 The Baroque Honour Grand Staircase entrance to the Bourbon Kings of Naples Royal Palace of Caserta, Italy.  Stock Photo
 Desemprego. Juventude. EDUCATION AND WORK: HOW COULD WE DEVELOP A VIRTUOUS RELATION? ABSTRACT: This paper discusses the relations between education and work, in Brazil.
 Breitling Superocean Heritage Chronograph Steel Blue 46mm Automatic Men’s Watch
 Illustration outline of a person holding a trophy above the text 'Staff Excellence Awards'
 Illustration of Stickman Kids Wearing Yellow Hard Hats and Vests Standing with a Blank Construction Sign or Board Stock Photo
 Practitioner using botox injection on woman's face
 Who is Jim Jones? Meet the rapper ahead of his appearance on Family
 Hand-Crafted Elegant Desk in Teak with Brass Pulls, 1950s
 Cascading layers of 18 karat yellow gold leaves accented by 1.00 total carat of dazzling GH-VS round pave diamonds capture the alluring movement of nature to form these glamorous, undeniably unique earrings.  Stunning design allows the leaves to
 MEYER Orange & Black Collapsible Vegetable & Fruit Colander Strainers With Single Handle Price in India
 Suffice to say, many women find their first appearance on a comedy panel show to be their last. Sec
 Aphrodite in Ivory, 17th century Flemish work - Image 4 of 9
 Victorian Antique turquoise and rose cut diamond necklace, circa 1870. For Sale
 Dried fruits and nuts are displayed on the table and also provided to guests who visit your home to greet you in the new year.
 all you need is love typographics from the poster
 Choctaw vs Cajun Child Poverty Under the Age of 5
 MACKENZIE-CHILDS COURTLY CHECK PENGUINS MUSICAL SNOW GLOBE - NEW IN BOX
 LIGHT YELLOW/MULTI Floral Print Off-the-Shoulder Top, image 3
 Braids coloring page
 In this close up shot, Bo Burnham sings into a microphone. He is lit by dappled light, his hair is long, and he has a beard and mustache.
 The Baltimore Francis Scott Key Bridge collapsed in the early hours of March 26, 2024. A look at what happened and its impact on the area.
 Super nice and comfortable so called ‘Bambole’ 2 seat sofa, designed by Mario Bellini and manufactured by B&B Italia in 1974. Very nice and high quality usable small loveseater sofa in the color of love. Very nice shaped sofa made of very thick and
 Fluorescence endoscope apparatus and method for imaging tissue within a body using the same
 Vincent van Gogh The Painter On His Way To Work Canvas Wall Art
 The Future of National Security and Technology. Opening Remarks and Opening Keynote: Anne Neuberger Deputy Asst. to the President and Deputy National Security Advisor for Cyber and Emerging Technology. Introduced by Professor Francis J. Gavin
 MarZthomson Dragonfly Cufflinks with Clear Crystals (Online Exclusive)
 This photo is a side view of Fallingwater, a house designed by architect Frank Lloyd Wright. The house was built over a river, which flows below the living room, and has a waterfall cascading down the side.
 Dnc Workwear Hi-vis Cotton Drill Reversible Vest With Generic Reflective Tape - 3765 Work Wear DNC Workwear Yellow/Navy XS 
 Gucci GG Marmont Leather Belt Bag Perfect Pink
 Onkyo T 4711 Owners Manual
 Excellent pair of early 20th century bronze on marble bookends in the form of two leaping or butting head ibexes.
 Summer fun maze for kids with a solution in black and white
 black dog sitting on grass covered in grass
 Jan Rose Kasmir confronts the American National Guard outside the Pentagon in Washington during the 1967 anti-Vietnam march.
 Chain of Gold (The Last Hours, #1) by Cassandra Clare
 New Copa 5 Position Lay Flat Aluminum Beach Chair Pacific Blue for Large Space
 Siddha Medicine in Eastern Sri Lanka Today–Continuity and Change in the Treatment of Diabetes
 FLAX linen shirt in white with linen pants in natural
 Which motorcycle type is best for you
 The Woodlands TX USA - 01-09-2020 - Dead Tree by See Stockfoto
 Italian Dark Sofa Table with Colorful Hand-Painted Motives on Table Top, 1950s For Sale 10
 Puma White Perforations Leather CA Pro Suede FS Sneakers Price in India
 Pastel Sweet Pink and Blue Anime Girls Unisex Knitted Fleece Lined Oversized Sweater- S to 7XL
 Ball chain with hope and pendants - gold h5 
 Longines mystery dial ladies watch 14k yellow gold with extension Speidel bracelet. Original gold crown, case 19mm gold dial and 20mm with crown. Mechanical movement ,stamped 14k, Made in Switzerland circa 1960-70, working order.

* * * *

EXERCISE DESCRIPTION => Set down precisely the lines above between the line holding "Choctaw vs Cajun" and the line holding "Vincent van Gogh", inclusive, and nothing beyond them.

WRITTEN SOLUTION =>
 Choctaw vs Cajun Child Poverty Under the Age of 5
 MACKENZIE-CHILDS COURTLY CHECK PENGUINS MUSICAL SNOW GLOBE - NEW IN BOX
 LIGHT YELLOW/MULTI Floral Print Off-the-Shoulder Top, image 3
 Braids coloring page
 In this close up shot, Bo Burnham sings into a microphone. He is lit by dappled light, his hair is long, and he has a beard and mustache.
 The Baltimore Francis Scott Key Bridge collapsed in the early hours of March 26, 2024. A look at what happened and its impact on the area.
 Super nice and comfortable so called ‘Bambole’ 2 seat sofa, designed by Mario Bellini and manufactured by B&B Italia in 1974. Very nice and high quality usable small loveseater sofa in the color of love. Very nice shaped sofa made of very thick and
 Fluorescence endoscope apparatus and method for imaging tissue within a body using the same
 Vincent van Gogh The Painter On His Way To Work Canvas Wall Art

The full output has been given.